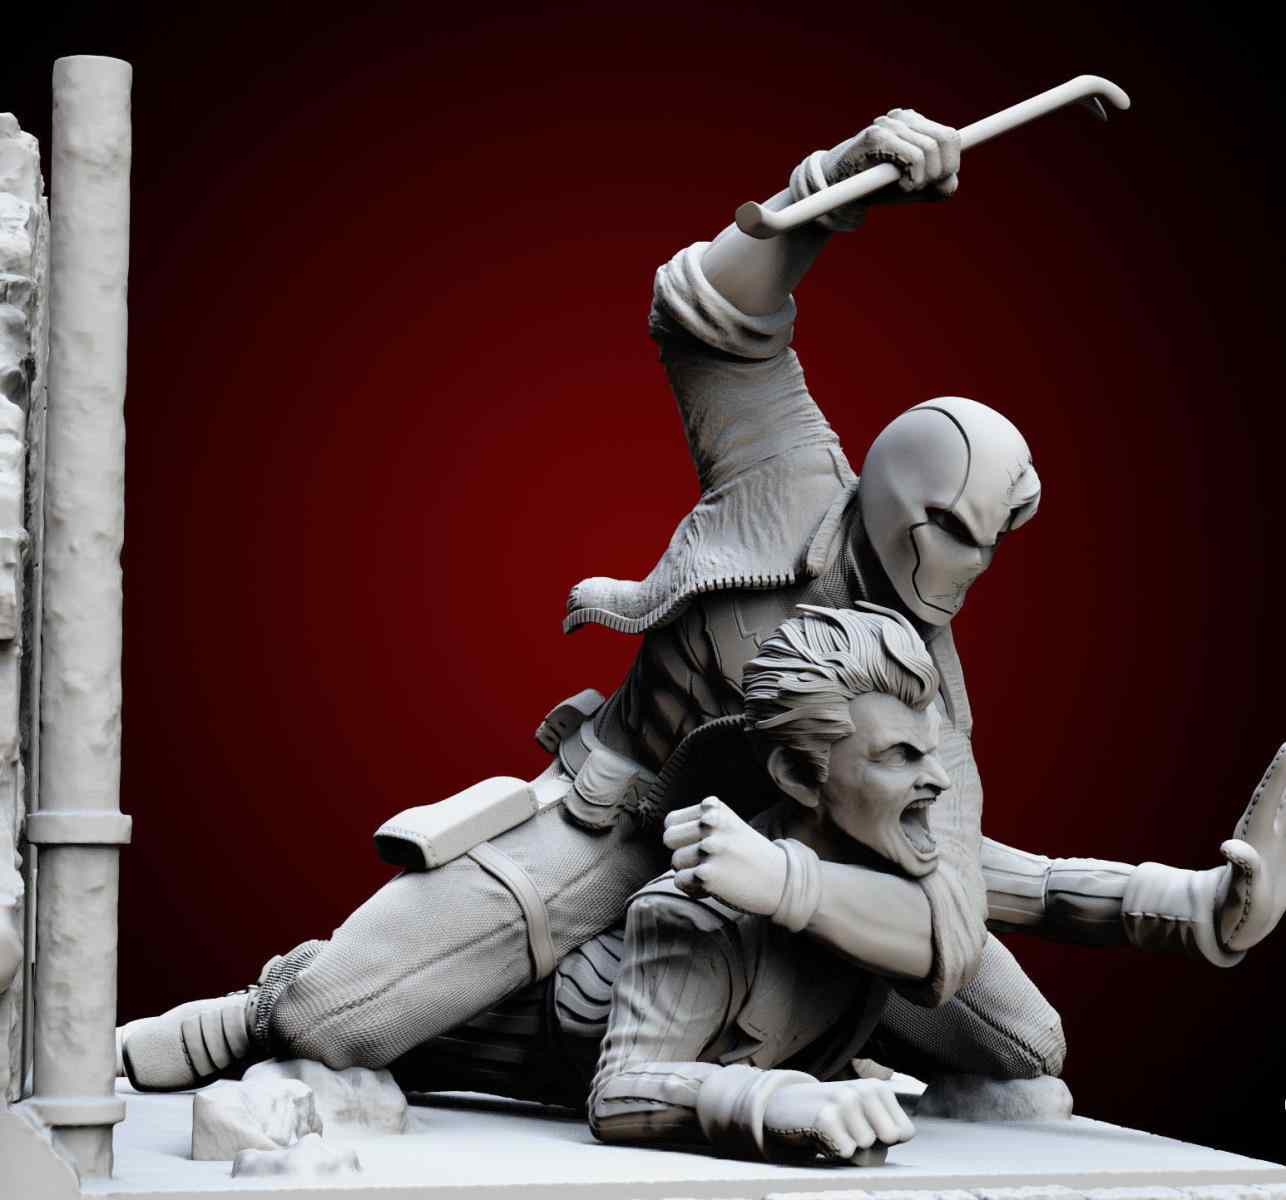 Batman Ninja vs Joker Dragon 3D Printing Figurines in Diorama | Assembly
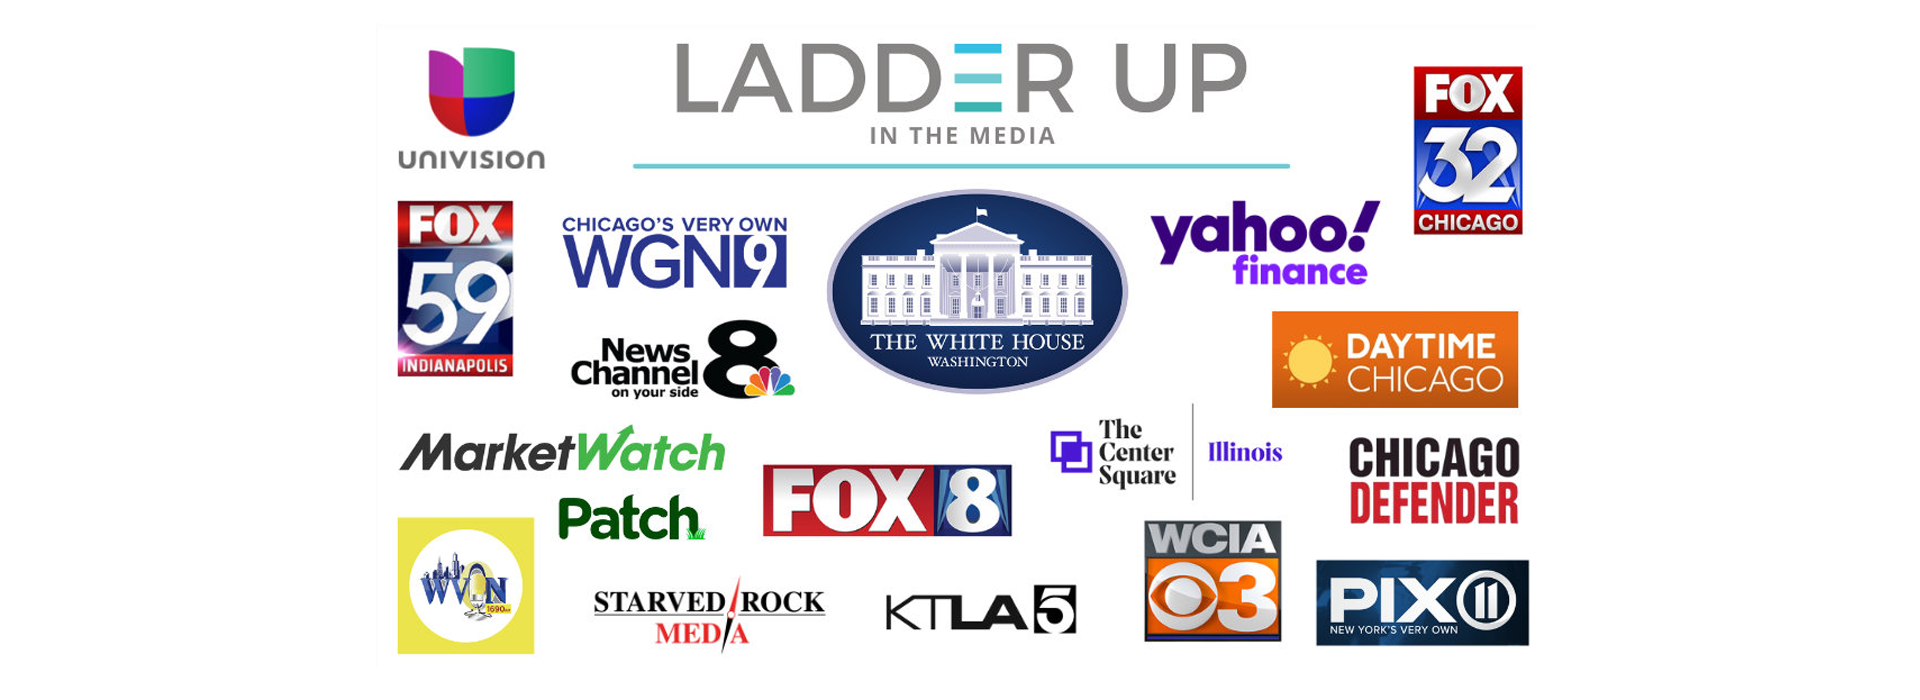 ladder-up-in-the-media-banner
━━━━━━━━━━
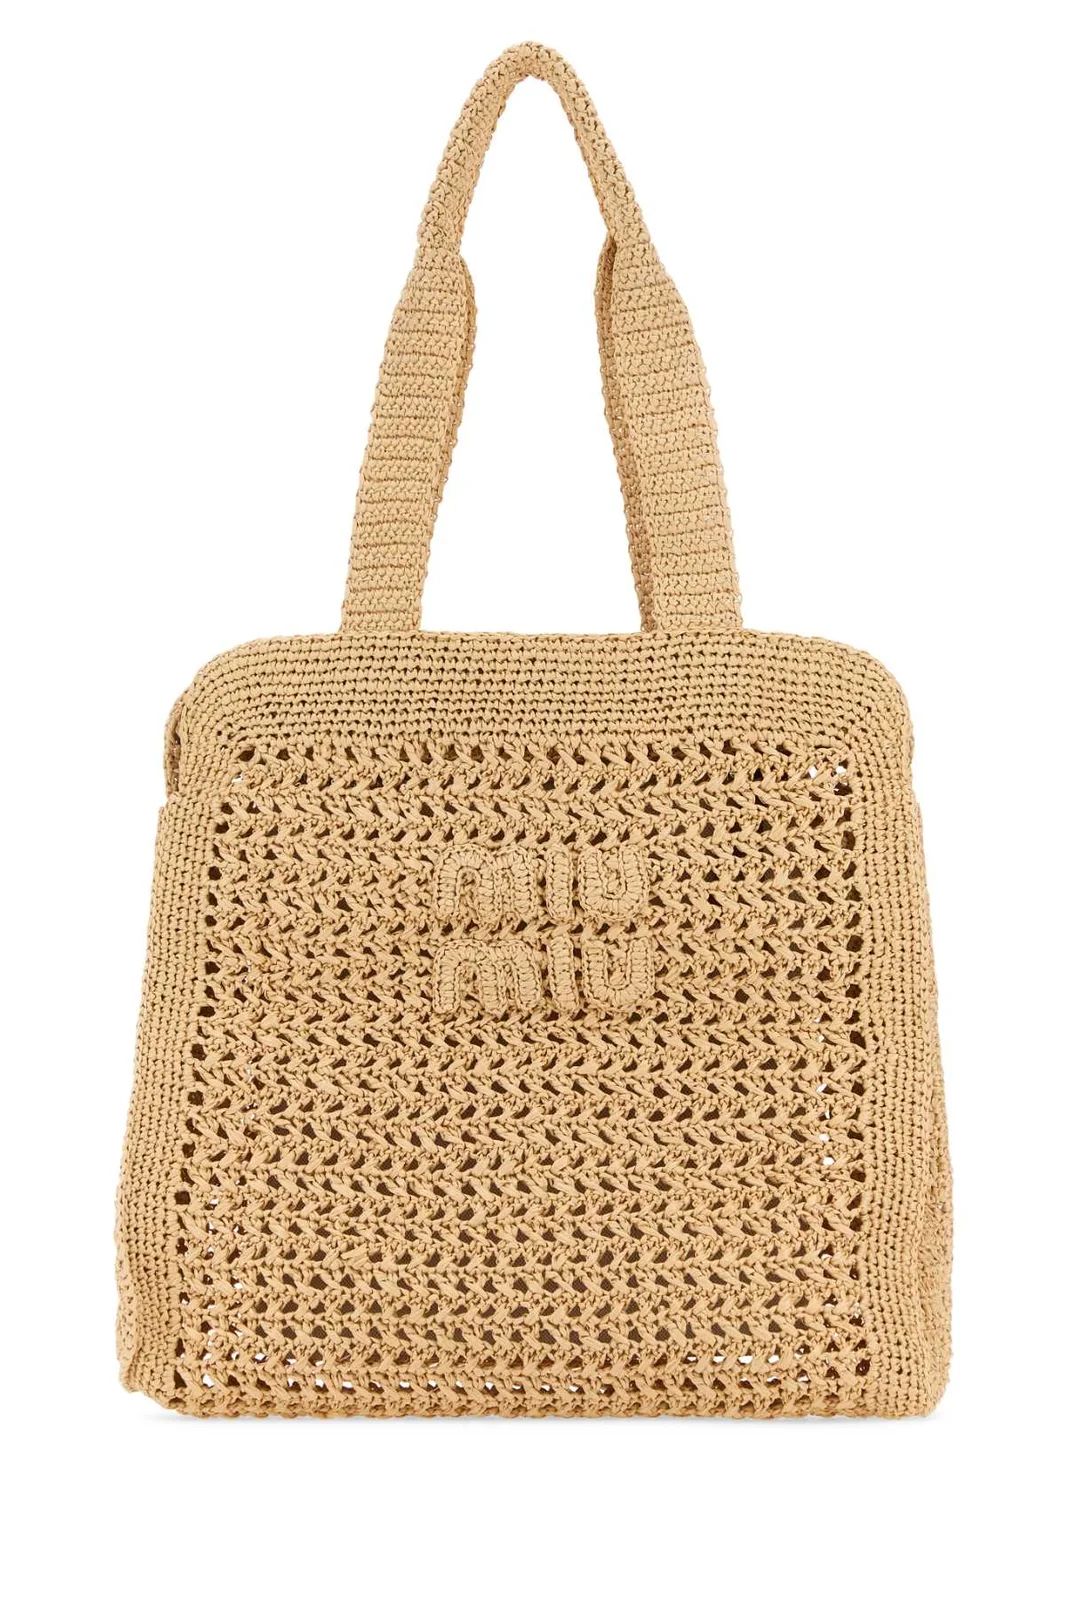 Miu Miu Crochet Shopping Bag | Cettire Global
━━━━━━━━━━
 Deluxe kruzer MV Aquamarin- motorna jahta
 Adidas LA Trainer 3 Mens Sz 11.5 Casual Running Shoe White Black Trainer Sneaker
━━━━━━━━━━
• What to do: Treat the line with "Batman Ninja vs" as the start and the line with "ladder-up-in-the-media-banner" as the end, and return exactly that span of the data above, both ends included, without pictures.

• Response box:
 Batman Ninja vs Joker Dragon 3D Printing Figurines in Diorama | Assembly
 ladder-up-in-the-media-banner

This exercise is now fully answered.